Aziz Ansari: Nightclub Comedian review – standup looks back in cynical Netflix special

Netflix
Intercut with footage from 20 years ago, the US comic’s new show considers the pandemic, politics and allegations made against him


Aziz Ansari’s career has been dramatically carved in two since the sexual misconduct allegations made against him four years ago, which he denied. Before: a slick and optimistic comic with the world at his feet. After: an ever more downbeat and cynical act appraising how “shitty” we all are – especially as regards our hunger for celebrity gossip. Ansari’s new special Nightclub Comedian is the third of his shows that I’ve seen since the accusations, and the third that encodes in one routine after another (and even in a joke we hear performed by the preceding act) his unresolved feelings about the episode.
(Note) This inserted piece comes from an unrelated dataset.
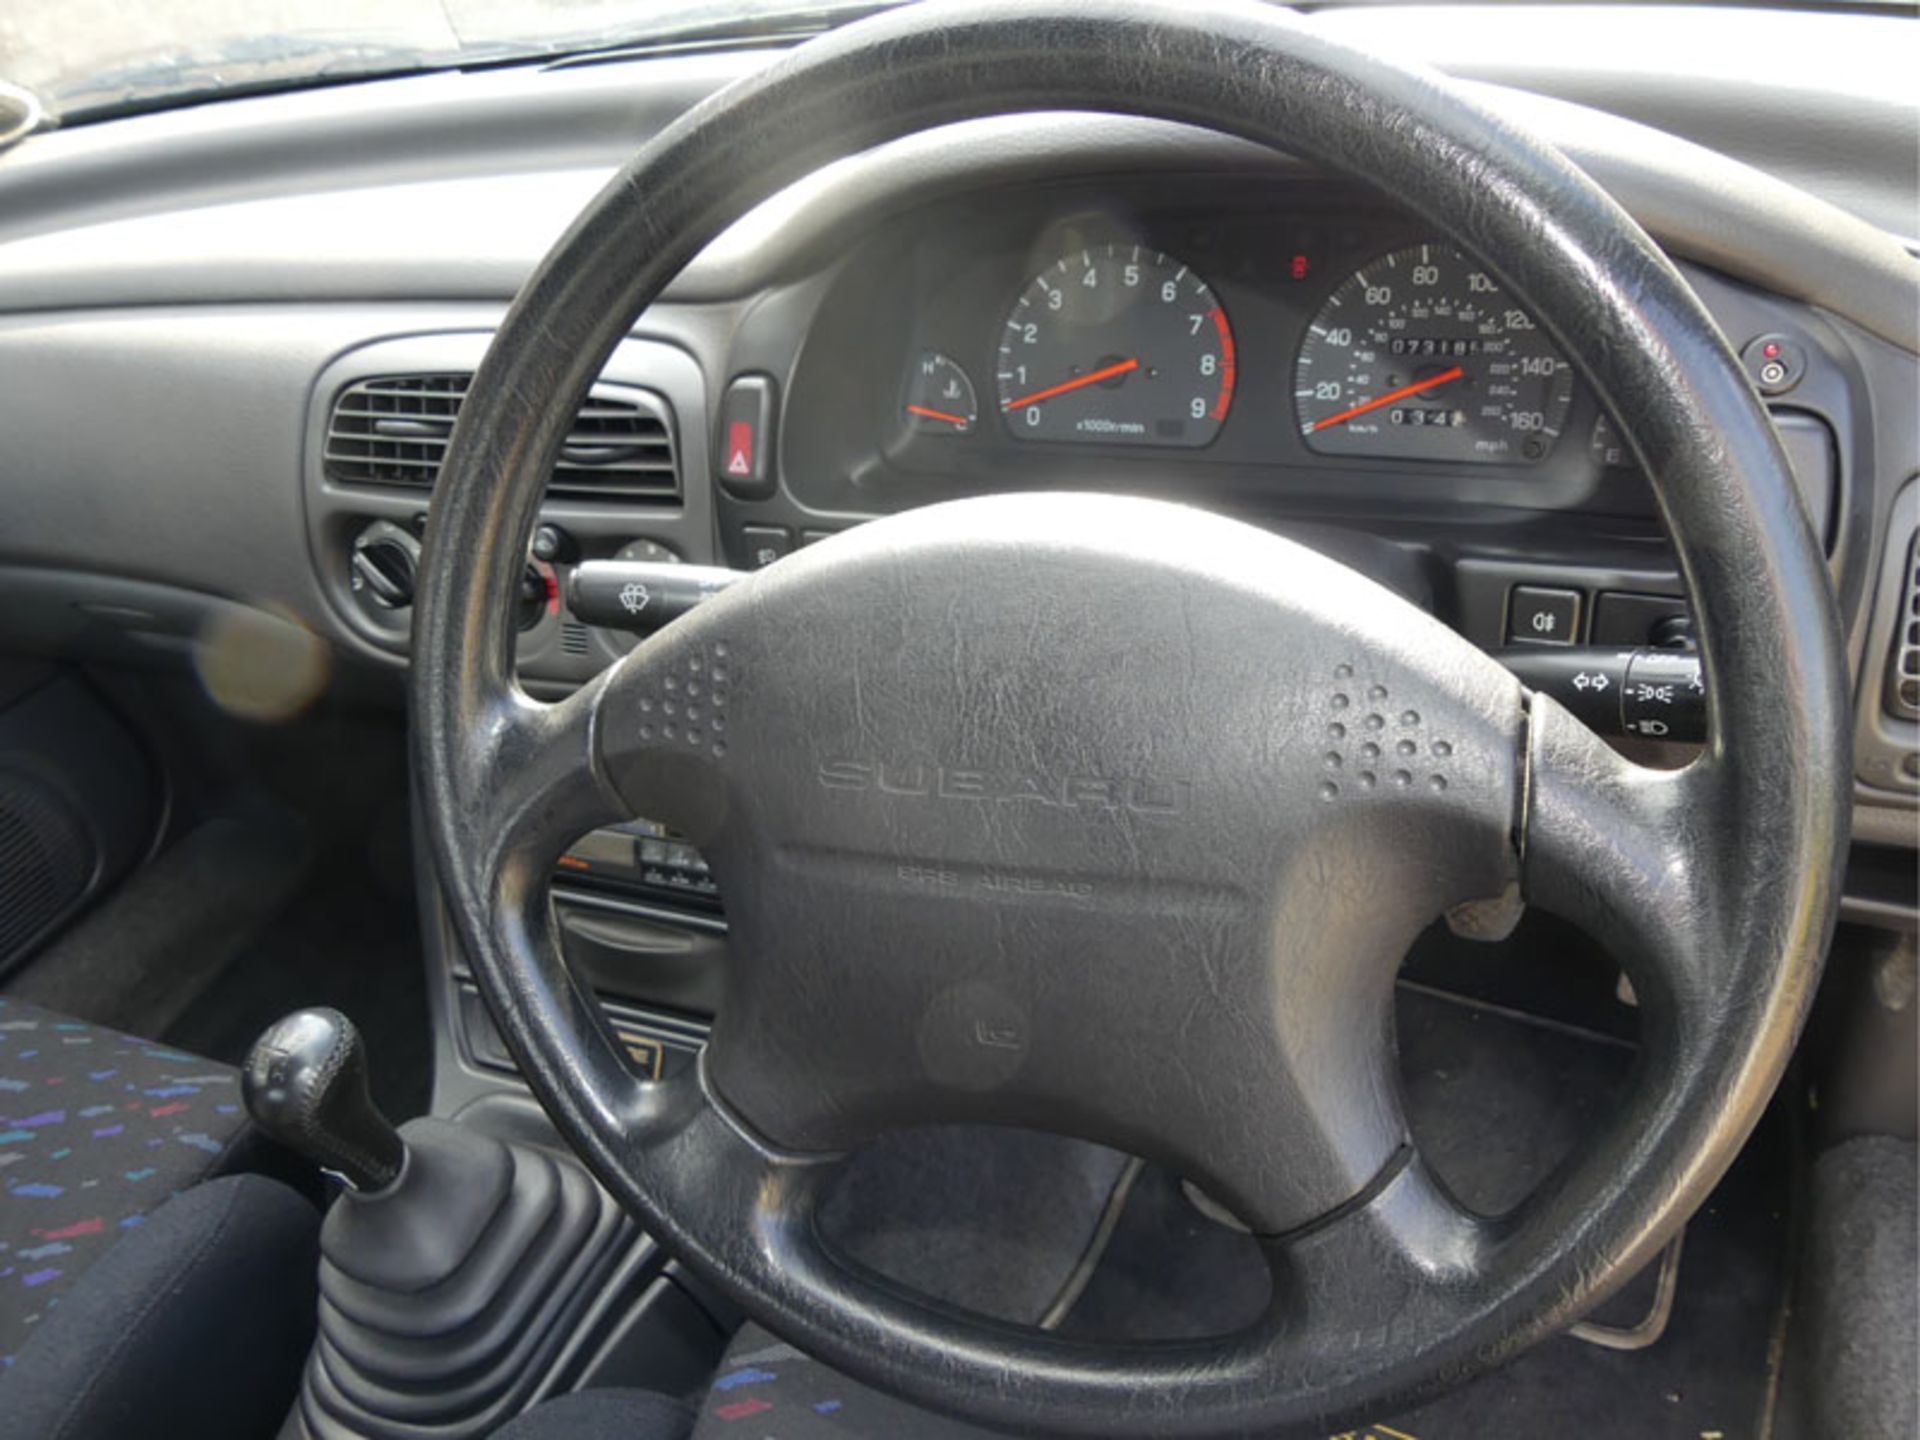 1995 Subaru Impreza Series McRae - Image 4 of 8

Perhaps that’s understandable. There’s an argument that Ansari’s trial-by-public-opinion even enriched his comedy with colours that just weren’t there before. Nightclub Comedian’s 29 minutes have more considered social commentary than many acts manage in twice the duration. In a section on misinformation, which both mocks and deplores the mocking of vaccine sceptics, there’s a wicked routine envisaging the rapper Ice Cube having a colonoscopy. A strong closer – responding to anti-vaxxers’ fears of coming under microchip control – notes how robotically enslaved we already are to our smartphones.

But it’s a world-weary show – the more so for the contrast drawn with Ansari’s younger self, footage of whom is intercut arriving at the same venue 20 years ago. The New York crowd is berated for squandering the idealistic energy that voted out Trump – which feels harsh, not least because Ansari now lives in London.

This sit-down rather than standup special purports to show our host humbly reconnecting with no-frills club comedy, in contrast (he suggests) to the corporate empire-building of the likes of Kevin Hart. But this is humility as performed for Netflix, so claims to a newfound modesty ring hollow. Then there are the gags – notably, the one imagining Timothée Chalamet exposed to public disgrace for an incident with an Asian man and some bubble tea – that seem to address all over again Ansari’s own travails. It’s another glimpse, then, of a comic with technique and intelligence to spare – but not the slightest vestige of the gilded good cheer of old.

Aziz Ansari: Nightclub Comedian is on Netflix.